If you generate 1 million guids per second, it would take 168,486,464,147,580,370,470,736 years to probabilistically guarantee a duplicate.

@viggity mentioned some guids have 48 bits taken by a mac address, the numbers are still staggering hence the affordability to lose those bits. Taking the above example of 2 million guids per second (on the same computer), it would still take 598,584,166 years to guarantee a dupe. That's 600 million years. That's longer than life has existed on Earth. Or if you're a Young Earth Creationist, that's at least 60 thousand times the lifespan of Earth.

Paul Fleming
  • 24,238
  • 8
  • 76
  • 113
  • 2
    Just to add to the discussion, a quote from the Wikipedia entry about GUID: 'Some flawed GUID-generating implementations rely on pseudorandom number generators that use random number seed sources that turn out to be predictable'. So mathematically there's 2^122 possible values (6 bits reserved to indicate a random GUID), but for practical means it can be limited by the RND function. – OnoSendai Dec 28 '12 at 18:55
  • 3
    +1 for blowing my mind with probablilities – JOpuckman Dec 28 '12 at 19:02
  • 2
    Totally off-topic, a creationist would probably use 14 bit GUIDS, possibly defying a 122 bit GUID, claiming it represents a number that is greater than the age of the Earth and thus isn't real. – Wim Ombelets Dec 28 '12 at 19:29
  • @Wimbo - controversial! :) – Paul Fleming Dec 28 '12 at 19:36
  • 4
    -1 for wrong probabilities and completely ignoring 4/5 UUID generation schemes.

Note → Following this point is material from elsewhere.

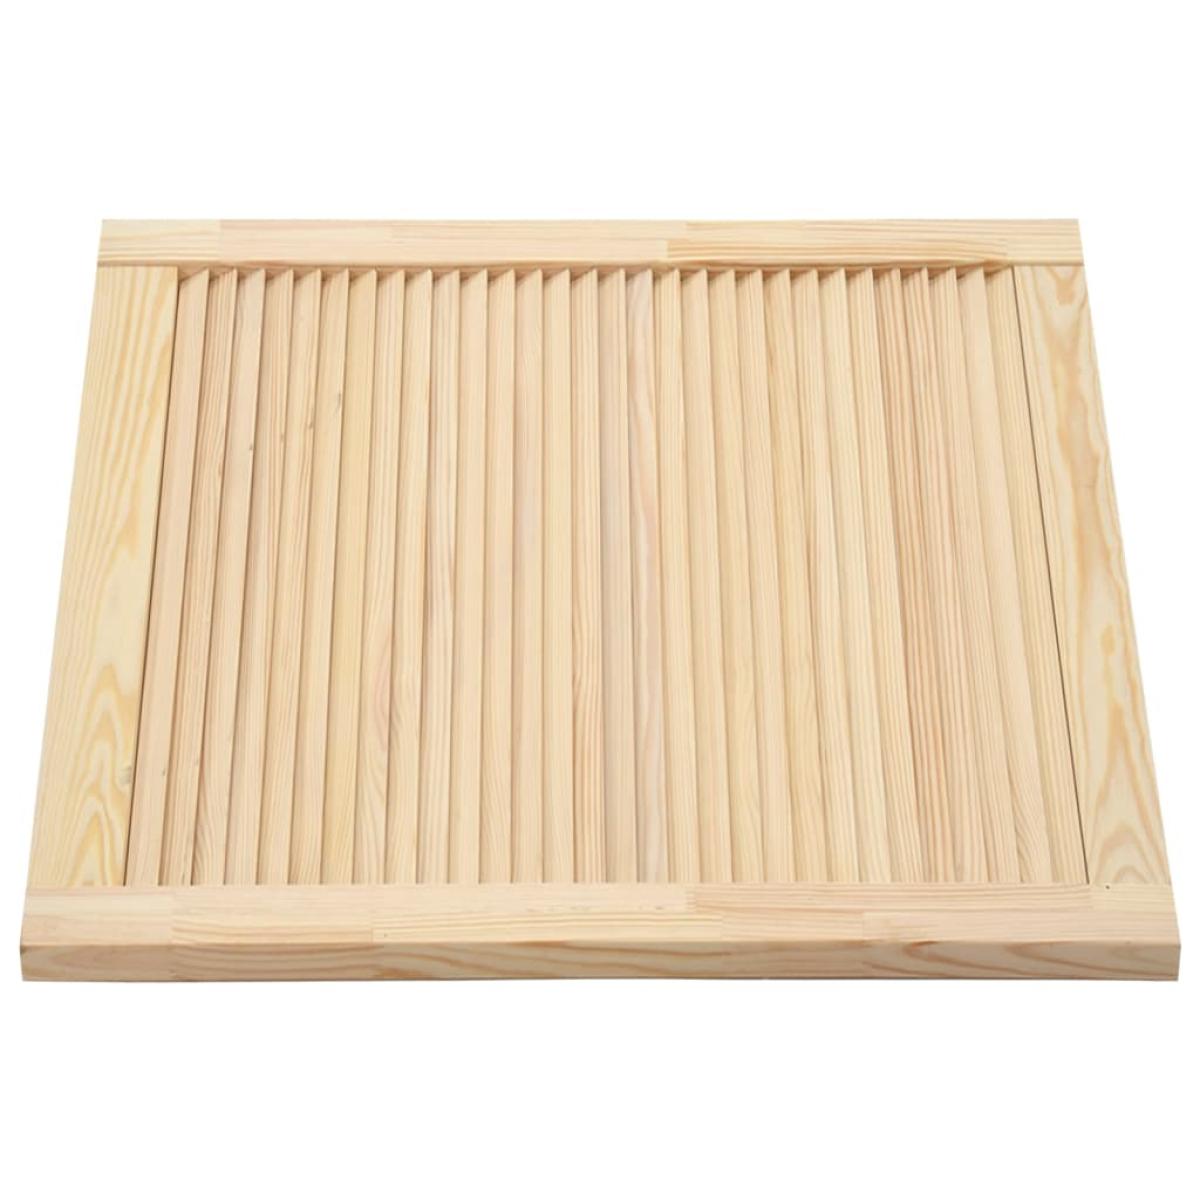 Puertas tipo persiana 2 uds madera maciza de pino 39,5x49,4cm

The odds of a duplicate are actually significantly higher than your figures, due to the birthday problem. Now, with 122 random bits, a billion still isn't enough to make collisions likely. But depending on the type you generate, how fast you generate them, and how many distinct machines you use, the odds are 1 due to the pigeonhole principle. Some UUIDs include time stamps, MAC addresses, "domain IDs", and other values which are decidedly not unique for an extended period of time or for a given computer. –  Dec 28 '12 at 20:13
5

GUID are "practically" universally unique.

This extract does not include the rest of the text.